Que faut-il répondre à un enfant qui pose des questions sur cet accident ?
"Tout dépend de la question qu'il pose. S'il veut à tout prix en parler, les parents doivent expliquer simplement ce qui a eu lieu, attendre ses réactions et être attentifs à son émotion."Quelles peuvent être ses réactions et à quoi faut-il être vigilant ?
"Le plus souvent, il y a trois cas de figure. Le plus gênant, c'est quand il n'y a aucune réaction.
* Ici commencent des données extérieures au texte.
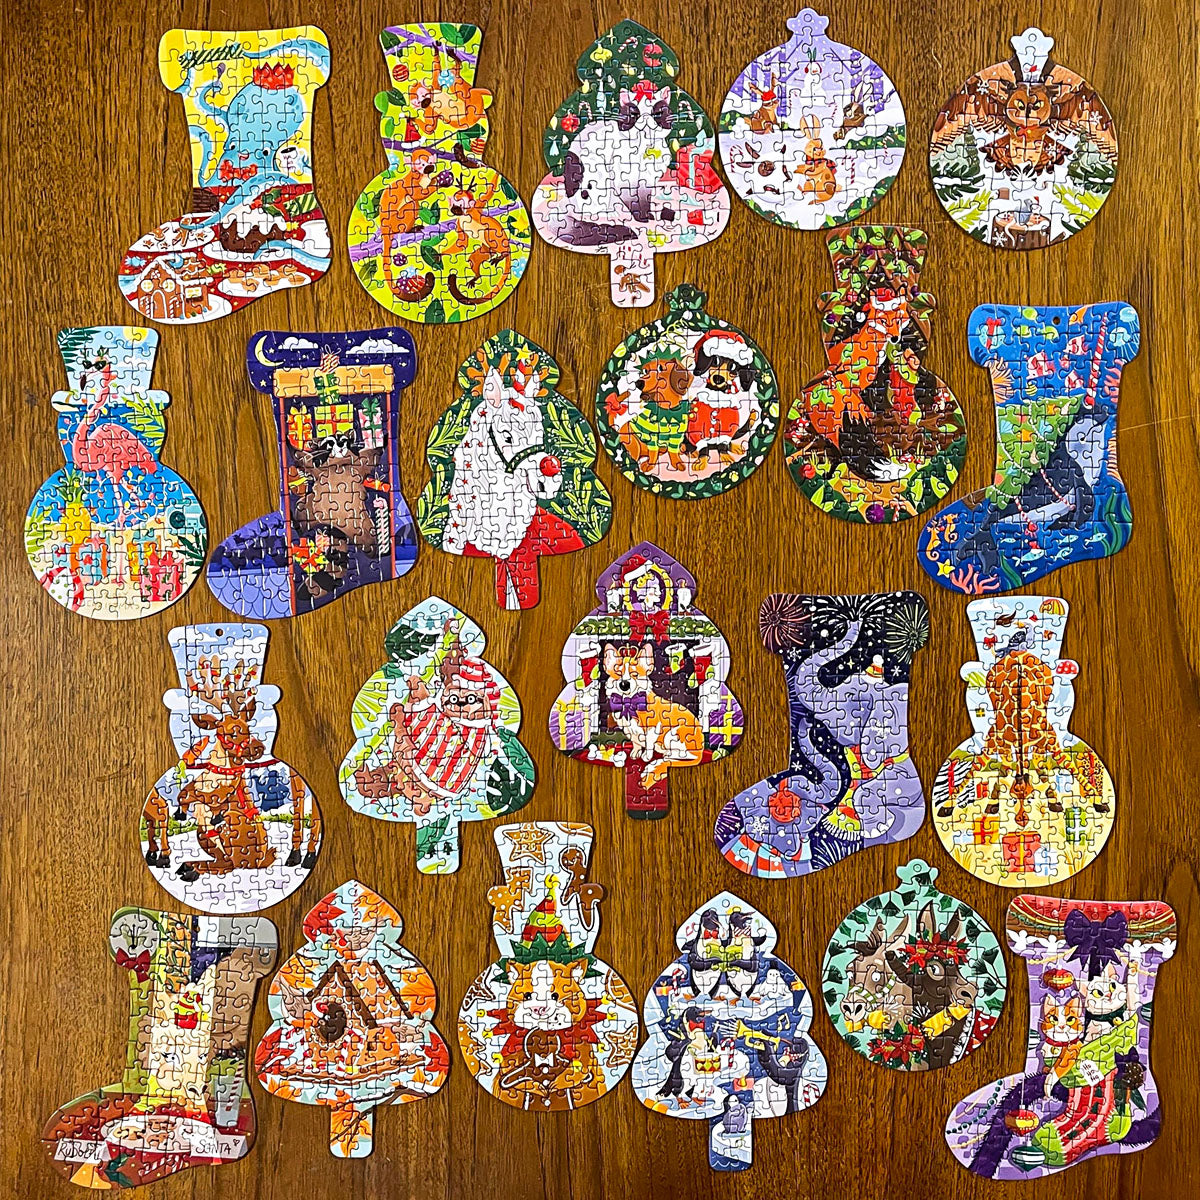 Behind the doors, you’ll find a festive shaped puzzle (snowman, tree, bauble, stocking). Each design features a mischievous animal getting in the Christmas spirit. And behind two doors are puzzle glue and ribbon, so you can craft your own decorations.

Quand l'enfant reste froid par rapport à un événement tragique comme celui-ci. Là, cela mérite d'être particulièrement attentif.""Deuxième cas, quand il ressent le besoin d'en parler. Ce n'est pas forcément un drame, mais les parents doivent répondre simplement par rapport à ce qu'il s'est passé, au drame que cela représente et rassurer l'enfant. Il faut surtout lui offrir la possibilité d'en reparler s'il se sent fragilisé."
"Troisième cas, ce sont les enfants qui explosent, qui ressentent une grande souffrance. Il faut alors être attentif et éventuellement demander à voir un spécialiste."
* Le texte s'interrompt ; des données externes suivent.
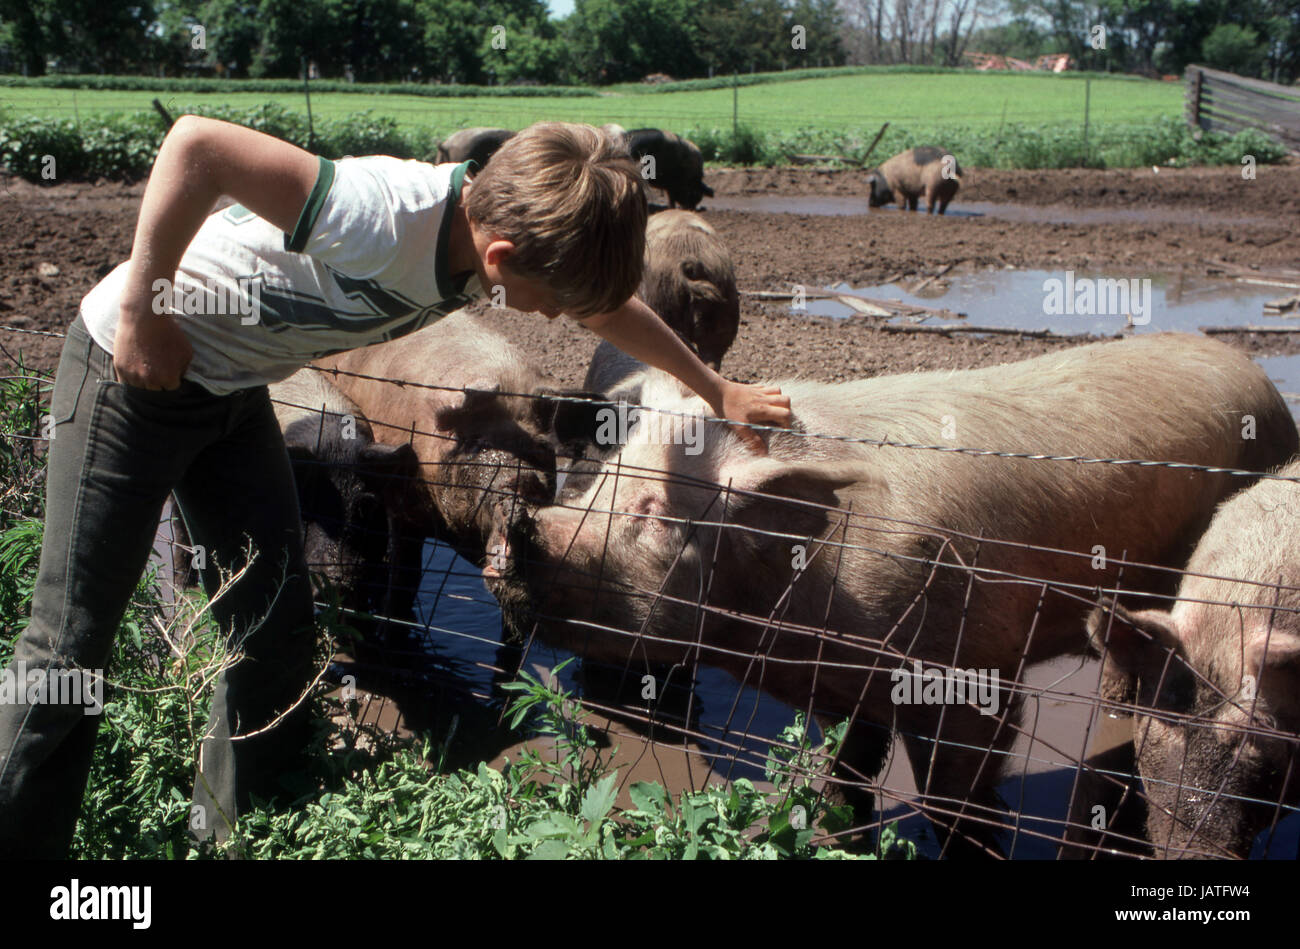 young boy petting a pig in the farmers field Stock Photo

Quel serait le risque dans le cas d'un enfant qui se renferme ?
"Le risque, c'est l'angoisse qui viendrait dans un second temps. Souvent, cela va passer, puis dans l'après-coup, cet enfant-là va avoir des manifestations d'angoisses ou de phobies, ce qui est assez fréquent. C'est souvent comme ça que les enfants réagissent : c'est-à-dire qu'à un moment donné, il va avoir la phobie d'aller à l'école ou de monter en voiture... des choses toutes simples mais qui témoignent de leur angoisse."En règle générale, comment les enfants réagissent-ils après de tels événements ?
"Quand c'est sous le moment -dans le cas d'Avenay-Val-d'Or, une équipe psychologique s'est rendue sur place -, certains enfants vont être sidérés, comme dans le cas de situations traumatiques. Ils ne vont rien dire, mais ils vont pleurer (et c'est déjà s'exprimer que de pleurer). D'autres enfants vont avoir besoin de raconter et de poser mille questions et d'autres vont fuir et éviter tout contact. Ça c'est sur le coup. Si on ne saisit pas ce moment-là, tout cela revient dans une espèce de crypte, d'enfermement et puis on ne sait pas ce que cela devient. Mais cela va se réveiller.""La question est : où était-on au moment de l'événement ? Si on était sur place, il y aura forcément un élément traumatique et un suivi. En revanche, si on ne l'était pas et qu'on a entendu parler ou que le copain ne revient pas à l'école parce qu'il est mort, il y a également une dimension traumatique, mais qui sera différente."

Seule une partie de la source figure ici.